Maar er is een keerzijde. De bewonderingswaardige minderheid die zich verzet is onervaren en weinig georganiseerd. Dat zie je bijvoorbeeld aan de onhandige manier waarop de bezetters meerdere malen in het nieuws kwamen. In hun presentatie, waardoor veel studenten zich niet vertegenwoordigd voelen door de groep. Sterker nog; die mensen afschrikt en doet besluiten zich niet aan te sluiten bij de actiegroep. Maar, zoals een van de studenten opmerkte op de site van De Volkskrant ‘wij verdienen dan ook geen tonnen per jaar om een universiteit te besturen.’

Het is makkelijk om kritiek op het middel, het uiterlijk van anderen en hun manieren te hebben, maar daar schiet niemand iets mee op, en daarmee wordt het doel (beter, minder rendementsgedreven onderwijs) niet bereikt. Daarom is het van belang de discussie te blijven voeren. Niet alleen door de actievoerders, maar ook door de officiële vertegenwoordigers van de studenten en docenten, niet alleen landelijk maar juist ook op de universiteiten en hogescholen zelf.

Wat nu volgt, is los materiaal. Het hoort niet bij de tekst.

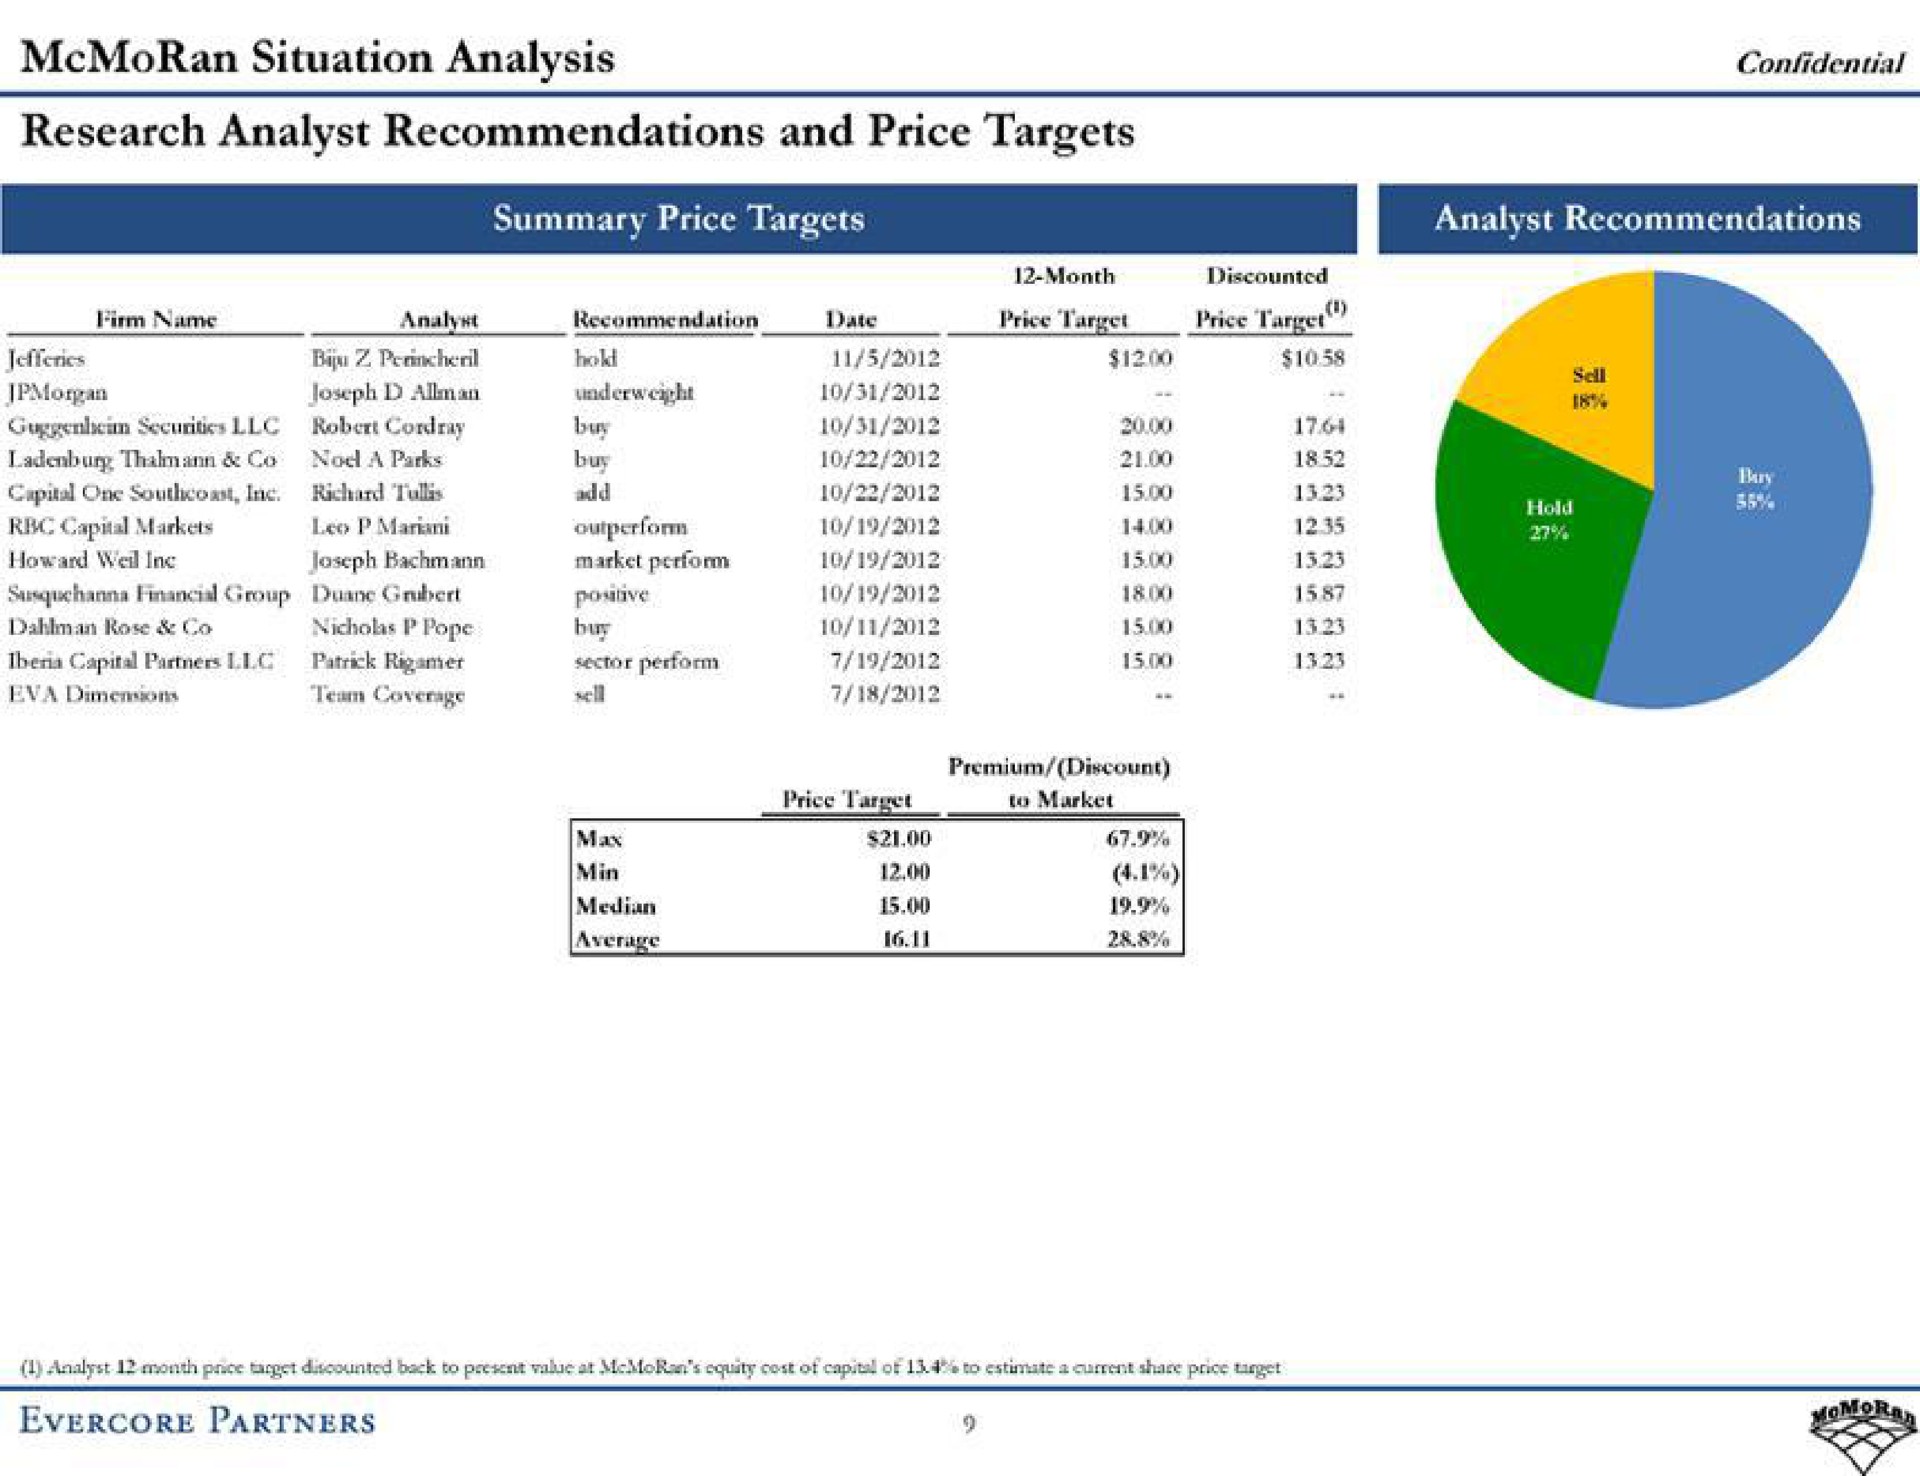 situation analysis confidential research analyst recommendations and price targets partnerss | Evercore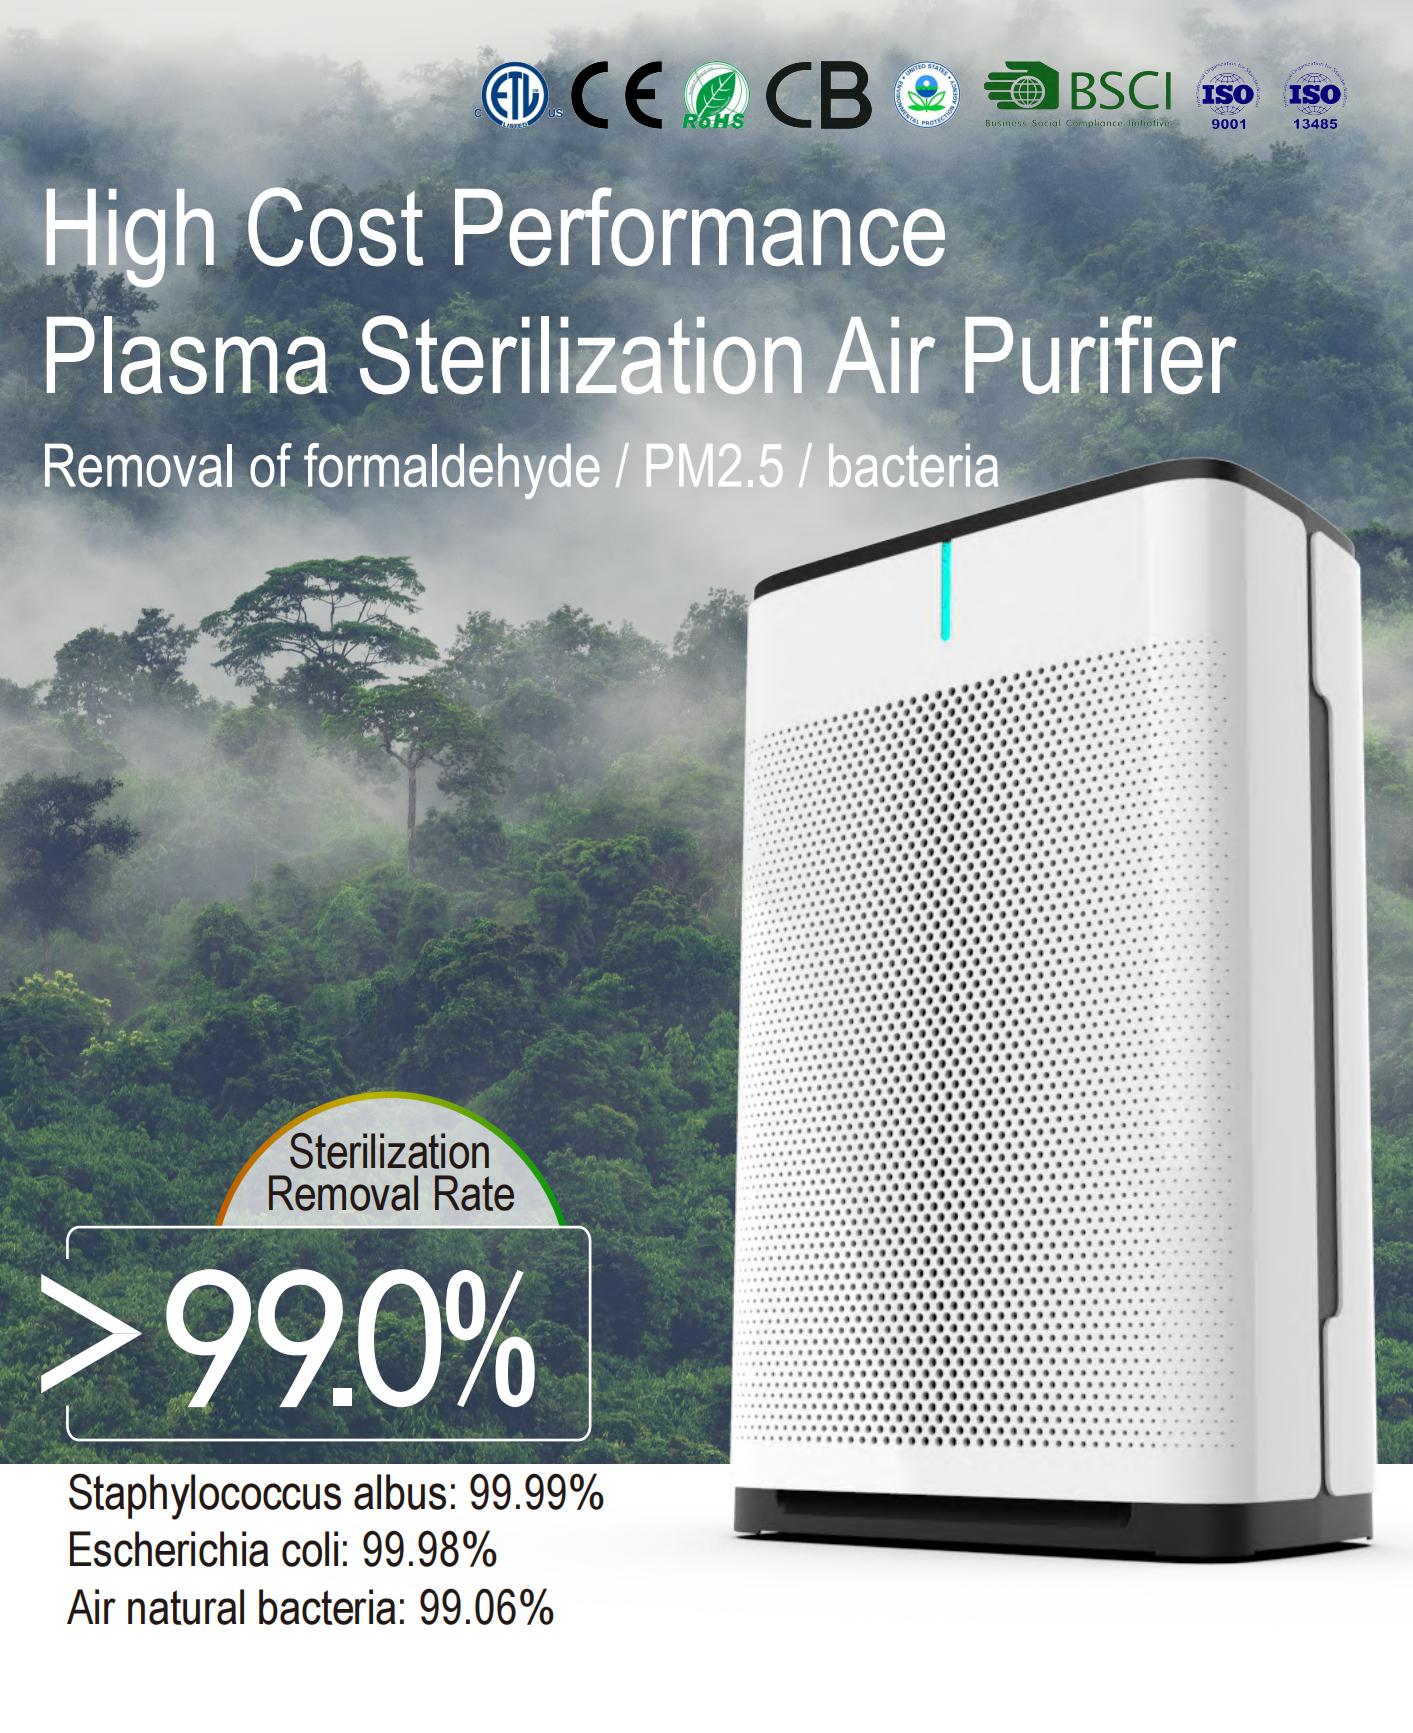 OEM/ODM air purifier manufacturers analyze the working principle of air purifiers

Laten we hopen dat de Maagdenhuisbezetting de hogeronderwijswereld weer wakker heeft geschud. En dat bestuurders eindelijk inzien dat we in het hoger onderwijs de bodem echt hebben bereikt: de financiering omhoog moet en de inspraak beter zodat er een einde komt aan het rendementsdenken. Studentenbestuurders mogen er best weer eens aan worden herinnerd dat acties die de randen van de wet opzoeken soms nodig zijn om broodnodige veranderingen af te dwingen. Want laten we niet vergeten dat met jarenlang praten weinig resultaten zijn geboekt.